Взрослые злые, говорил Ажедаф. Увидят тебя — накажут меня, часто говорил. А что в Ойзине было странного? Он ведь такой же, как и все, правда?

Малыш, не отрываясь, смотрел на играющих внизу унопеланских мальчишек. Бронзовые, глазастые, низенькие, как и все, они гоняли, как мяч, старый черепаший панцирь. Ноздри плоских носов широко раздувались. Перистые волосы трепал ветер. Стрекочущие крики то и дело перемежал азартный рык. Ах, как же Ойзин хотел быть с ними, впиваться в мяч когтями во всю мощь, спорить, смеяться. Заводить друзей. Окрылённый, он сбежал вниз, к отцу.

— Ты ещё слишком мал, Ойзин, — Ажедаф вздохнул, когда сын попросился на улицу едва ли не в тысячный раз. — Вот пойдёшь в Училище — тогда и поговорим.

— А когда ты меня отдашь в Училище? В этом году мне уже восемь кругов исполняется.

Ойзин был даже высоковат для восьми кругов, но Ажедаф молчал. Приходилось взвешивать каждое слово. Даже в разговорах с рабочей группой, для которой он был «профессор Эцилоки» и «глубокоуважаемый», не витало такое напряжение За семь кругов неловких минут задумчивости у Ажедафа набралось бы на дни.

— Скоро...

— Как скоро?

Профессор Эцилоки до боли поджал губы. Врать не хотелось. Говорить, что не знает, примут ли сына в училище вообще — тоже. Вечное молчание не выход. Ойзин не останется маленьким навсегда. Завтра — середина круга. Завтра — начало учебного года.

Ажедаф оглядел маленького Эцилоки. Да,им будет тяжело. Унопеланские детишки не упускают случая посмеяться над теми, кто хоть чуток отличается от них. Инстинкты хищников велят Ойзину придётся терпеть нападки постоянно. Но в стерильных условиях у организма не сложится иммунитет. Пусть малыш учится отражать атаки на словах и — если они не помогают — даже на кулаках, а не прятаться за отцовскую спину. Если он по-настоящему любит Ойзина, то не должен лишать самого главного.

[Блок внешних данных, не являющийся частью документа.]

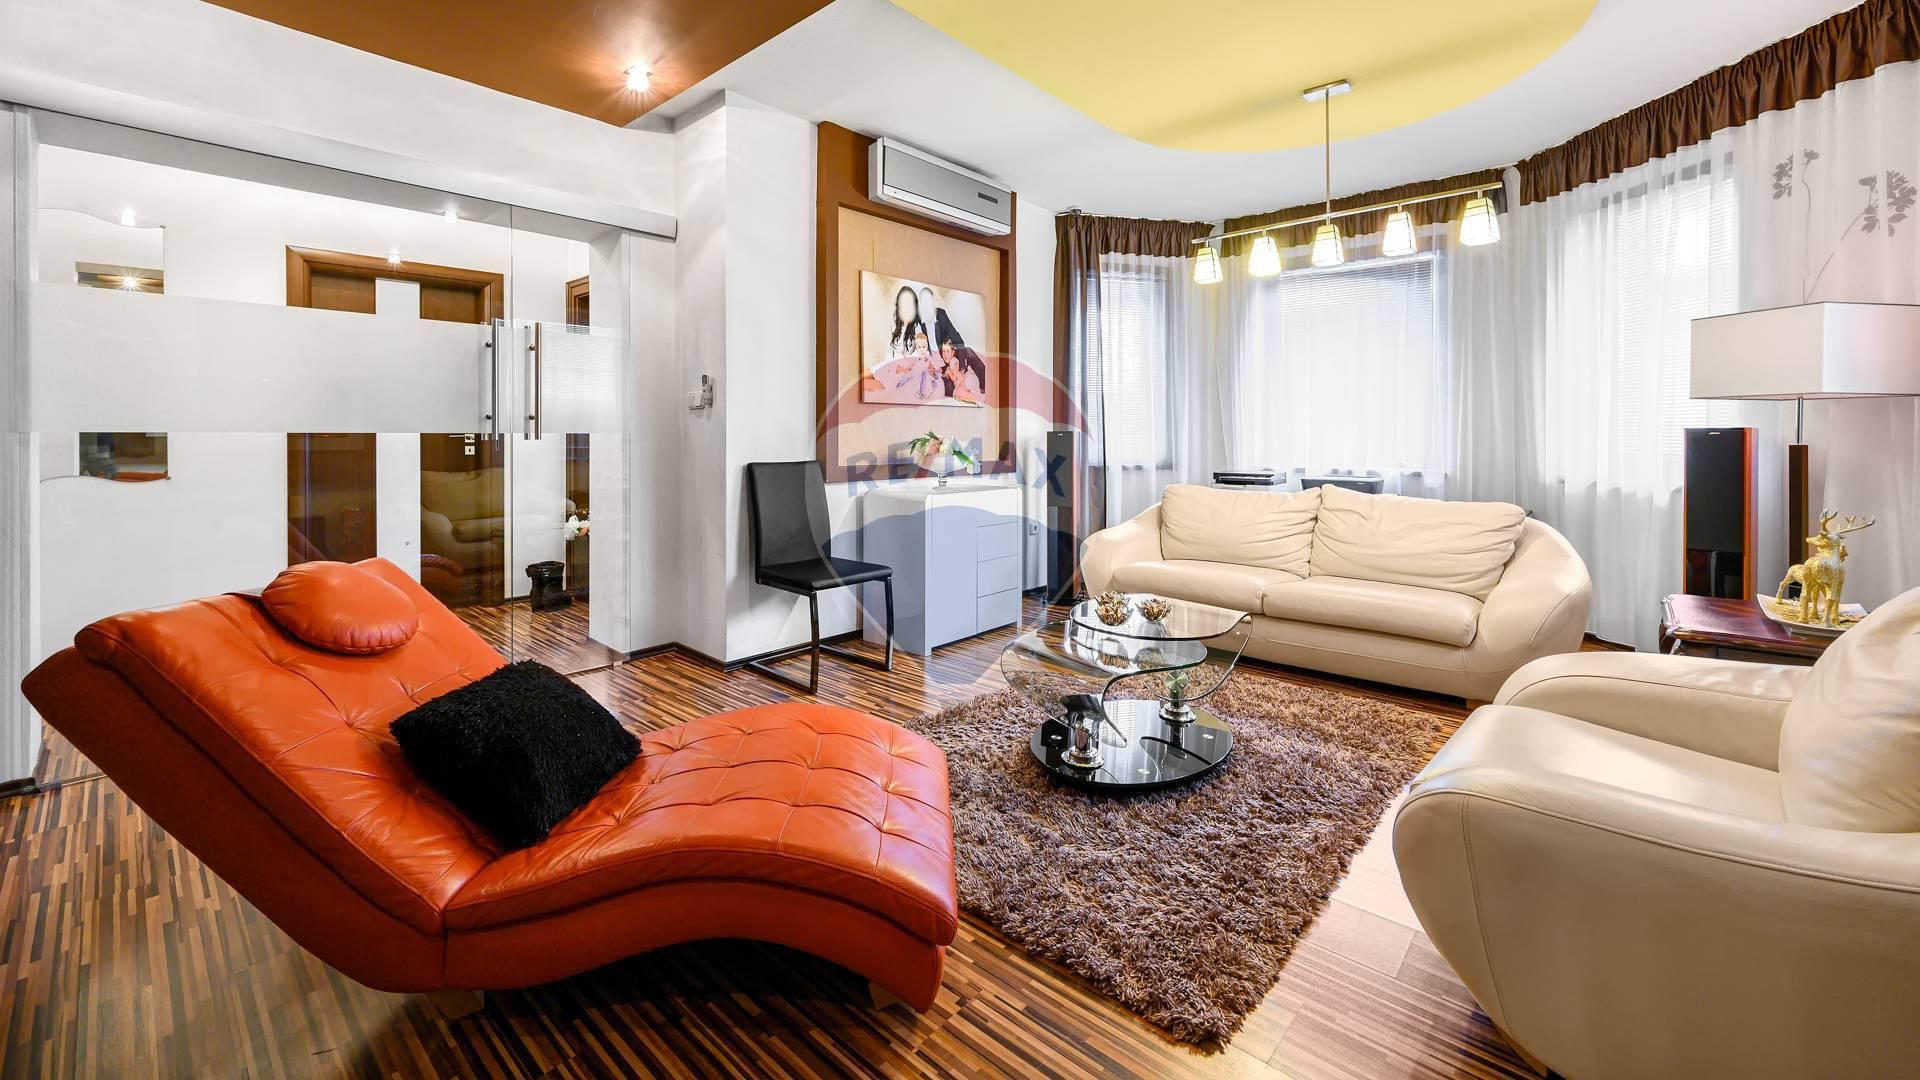 PREDAJ luxusného rodinného domu, Veľká Mača, bazén, hosťovský dom, sauna, garáže
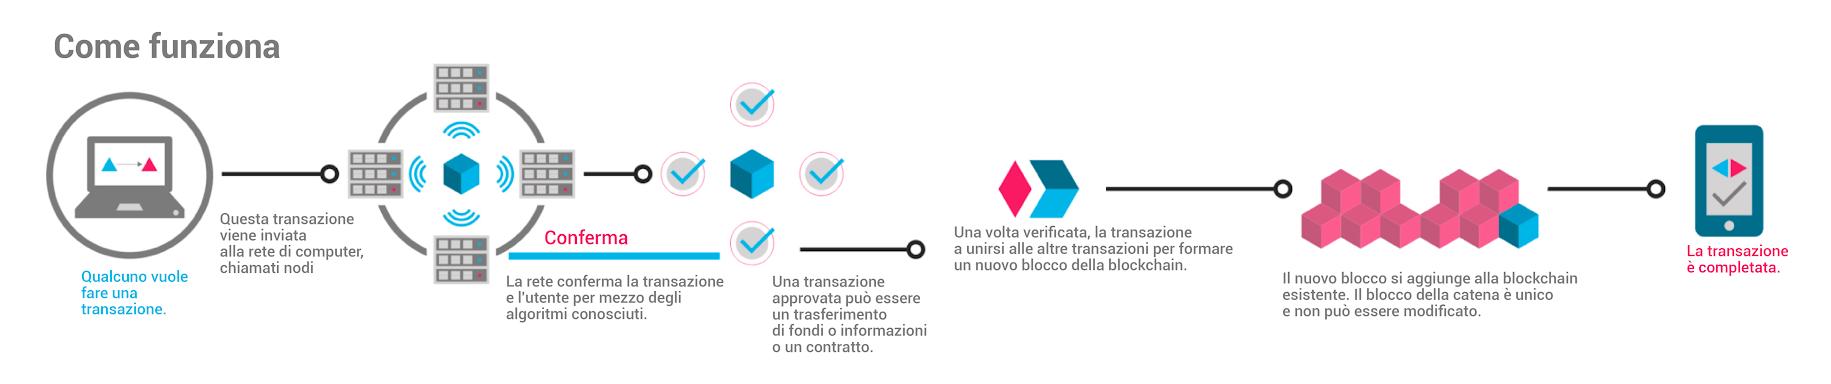 blockchain_comefunziona

— Завтра, — сказал Ажедаф. — Уладить дела с документами можно и во время учёбы. Мы пойдём в училище.

Ойзин заискрился от радости. Он прыгал, цокал когтями по полу, кричал, рычал под скрипящий из динамика голос:

— Ура! У меня будут настоящие друзья! Я буду в настоящем училище! Люблю тебя, папочка, ты у меня самый настоящий!..

Ажедаф вздохнул.

— Ещё бы другие признали тебя настоящим... — унопелан сжал трёхпалую ручку сына в ладони.

Училище Разнообразия было неприступной крепостью. Острыми зубами впивался в небеса забор. За ним веером раскинулись птичьи хвосты саговников, ощетинились кусты кедрового стланика. За низкорослым садиком замшелой, обвитой плющом громадой возвышалась четырёхэтажная буква «П». Одинаковые квадратные низенькие окна выделялись на фоне сонма узоров, покрывавших стены: ящериные морды, побеги плаунов и корявые буквы бросались в дикий пляс. После писка сработавшего на руке Ажедафа проводника двустворчатая, с тысячами защитных наводок дверь отворилась, пропуская гостей. Слышался незнакомый пряный запах. Пол был сплошь застелен тростниковыми коврами. На равном расстоянии друг от друга располагались закрытые металлической хваткой двери в классы. Ойзин хотел подойти и рассмотреть изукрашенные таблички, но Ажедаф остановил его:

— Надо сначала сполоснуть ноги.

Малыш пожал плечами, а потом снял сандалии и коснулся пальцем ноги ванночку. Холодно! Поёжившись, Ойзин поставил другую ногу и включил кран в виде головы кожекрыла. Поток еле тёплой воды лизнул стопы. Вытерев ступни одноразовыми полотенцами, оба Эцилоки снова вдели ноги в обувь, но на пороге класса снова с ней расстались. Специальная ниша, поделённая на полочки, обязывала

Металлический скрип раздвижных дверей заставил всех в классе обернуться. Зубастые и подвижные дети забыли про тетради, в которых заставляли писать по старинке: проводникам и прочим чудесам предшествовали бумага и стальные перья. У кого-то на строчках поплыли кляксы. Некоторые спрятали под парту жёванные, смятые в комок страницы. Третьи отставили стыдливое замазывание поддельной подписи в дневнике

— Познакомьтесь, поточные, это наш новый ученик, Ойзин Эцилоки, — учитель не поднял головы от журнала. Его предупреждали. — А ну-ка, все поздо...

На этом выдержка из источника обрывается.